START Data block

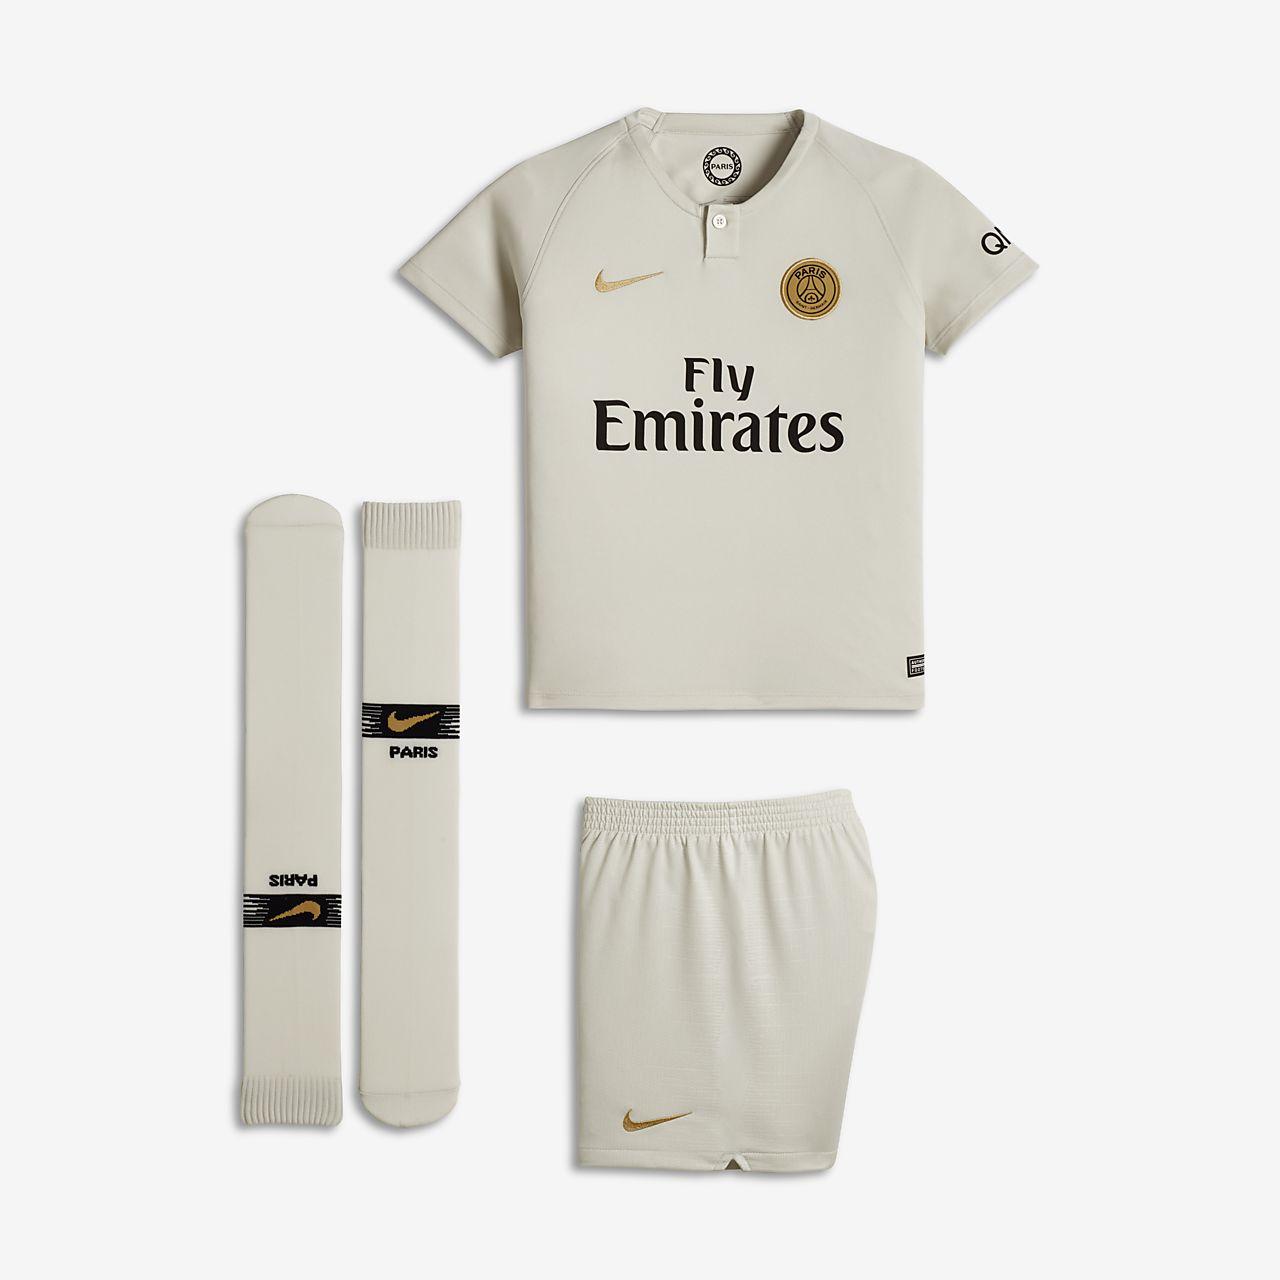 8813d0d44c ... Kit de fútbol de visitante Stadium del Paris Saint-Germain 2018 19 para  niños
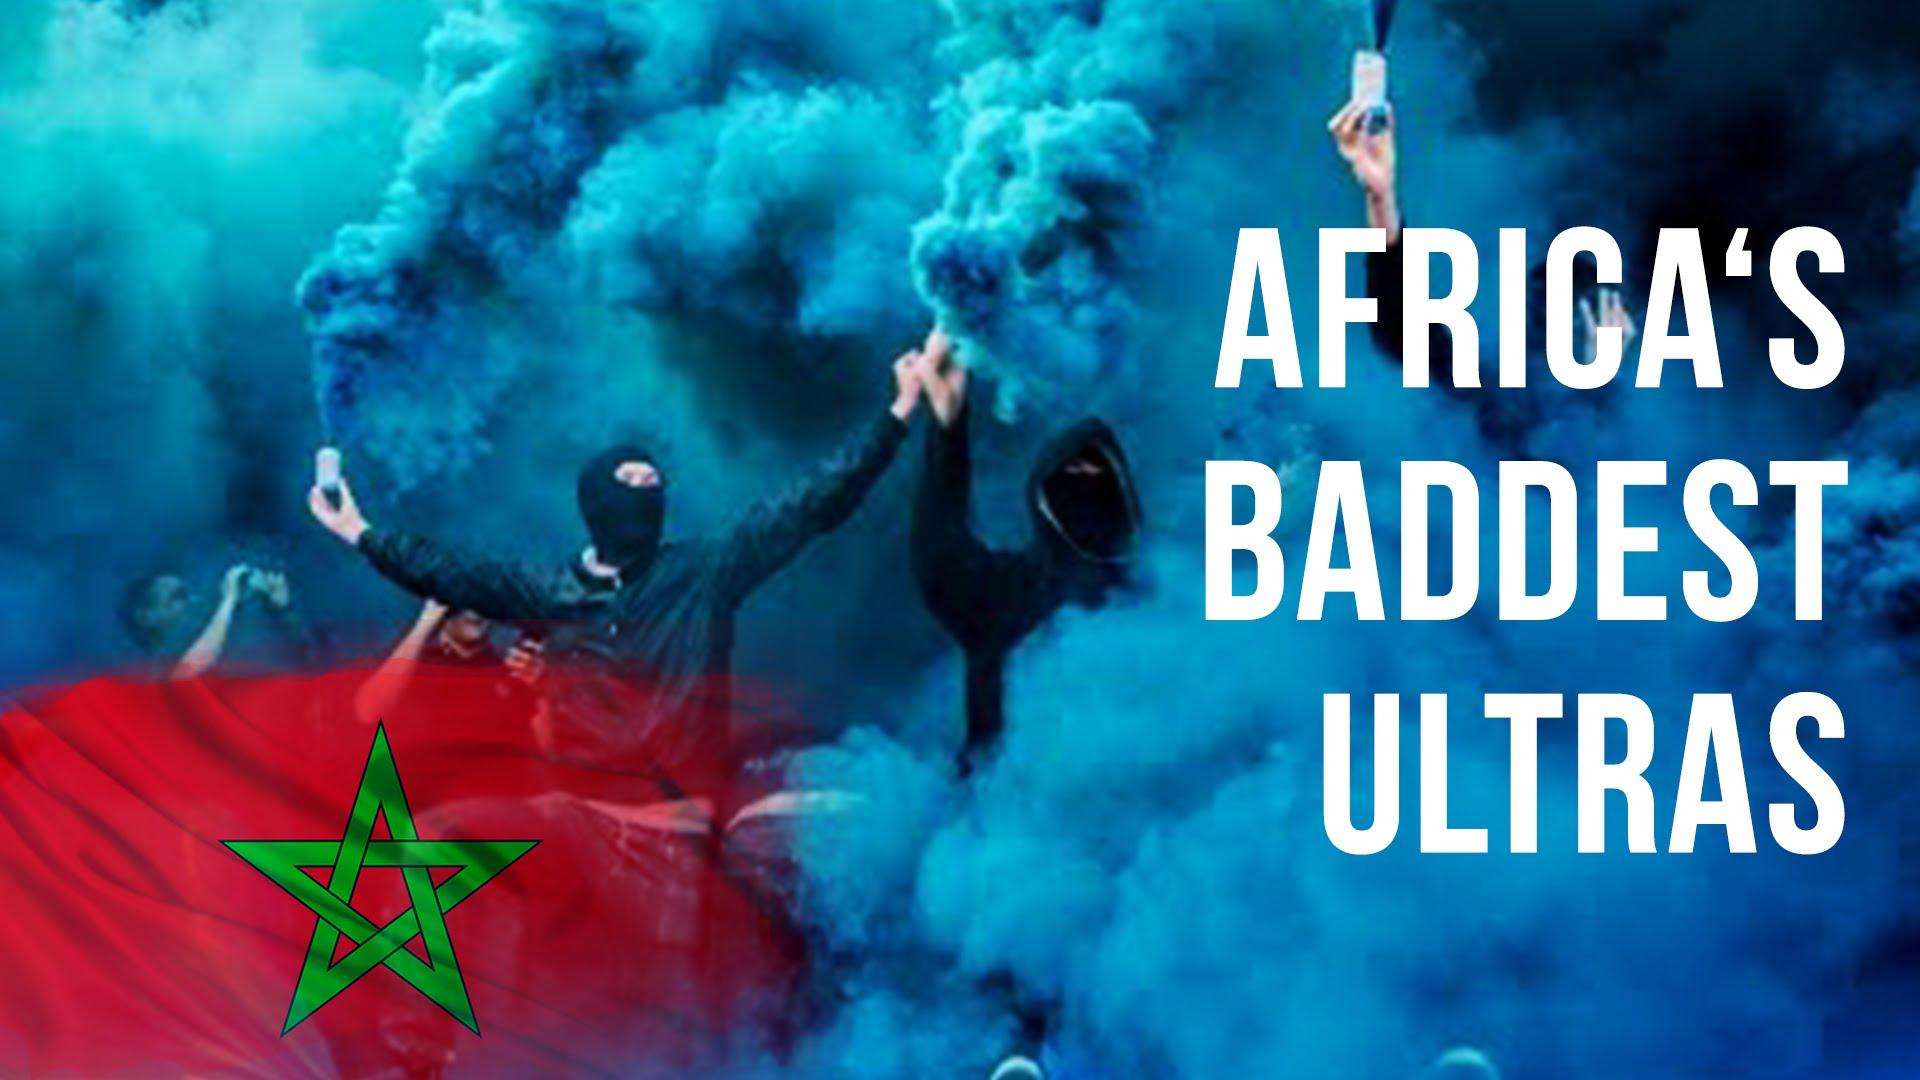 africas-baddest-ultras-morocco
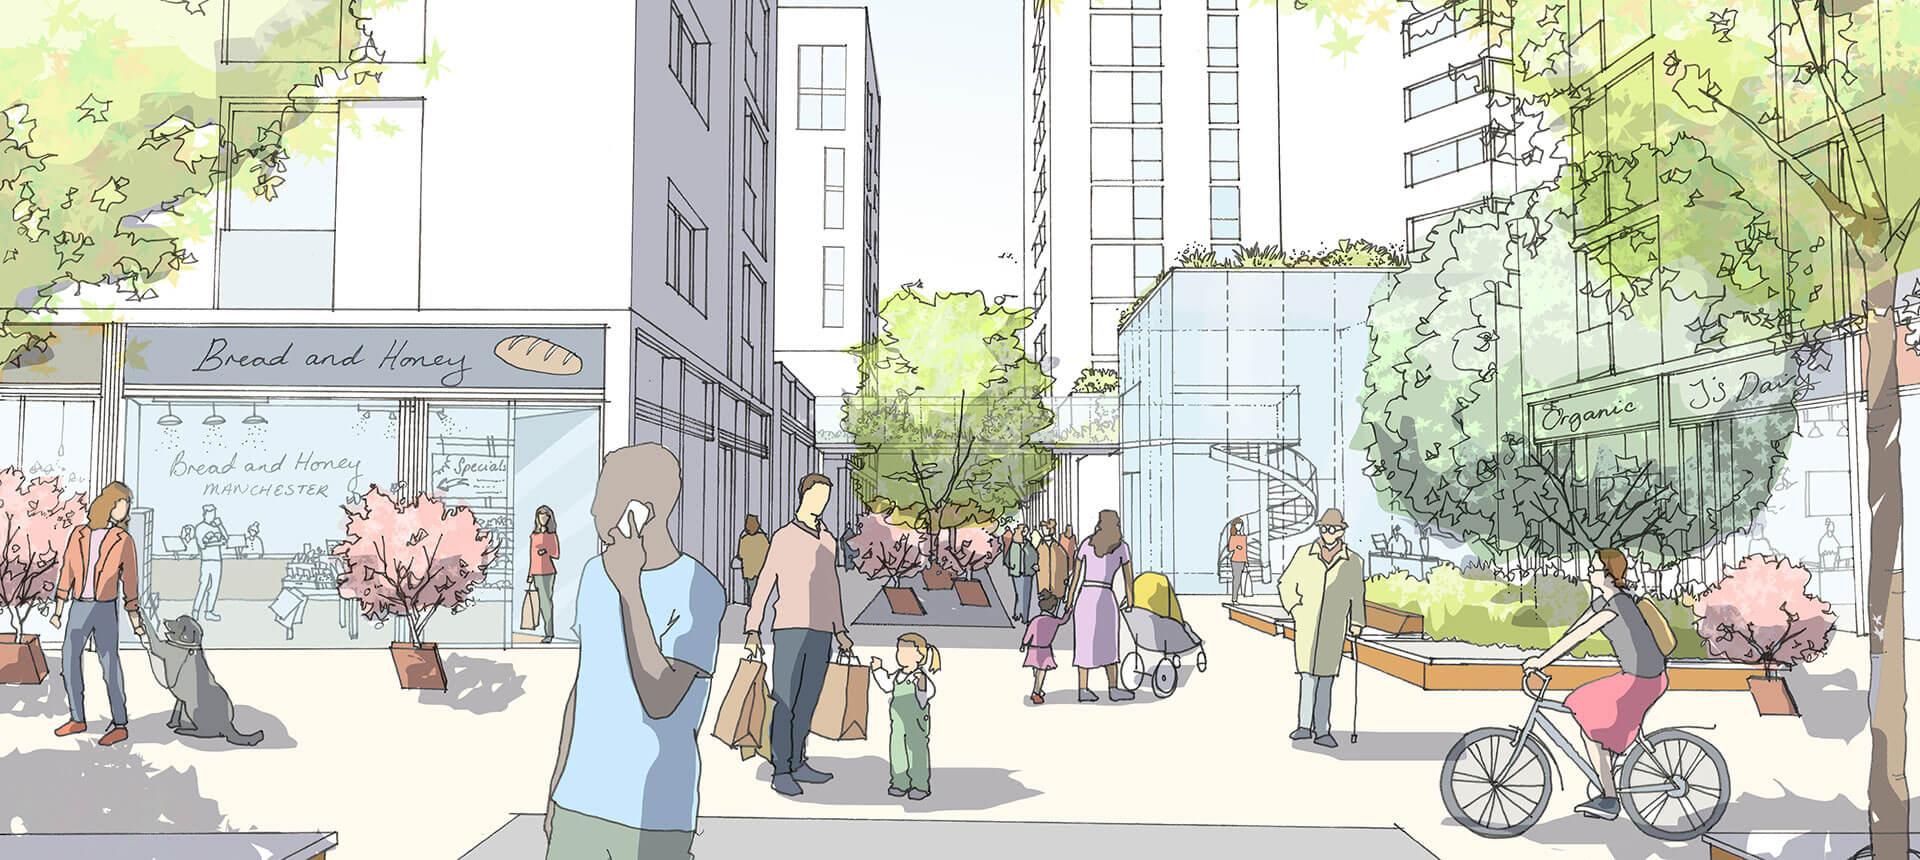 First Street UK Streetview Illustration

END Data block

- [Work task]
Pictures are to be excluded; all other material must be transcribed exactly.

- [Answer to this problem]
 8813d0d44c ... Kit de fútbol de visitante Stadium del Paris Saint-Germain 2018 19 para  niños
 africas-baddest-ultras-morocco
 First Street UK Streetview Illustration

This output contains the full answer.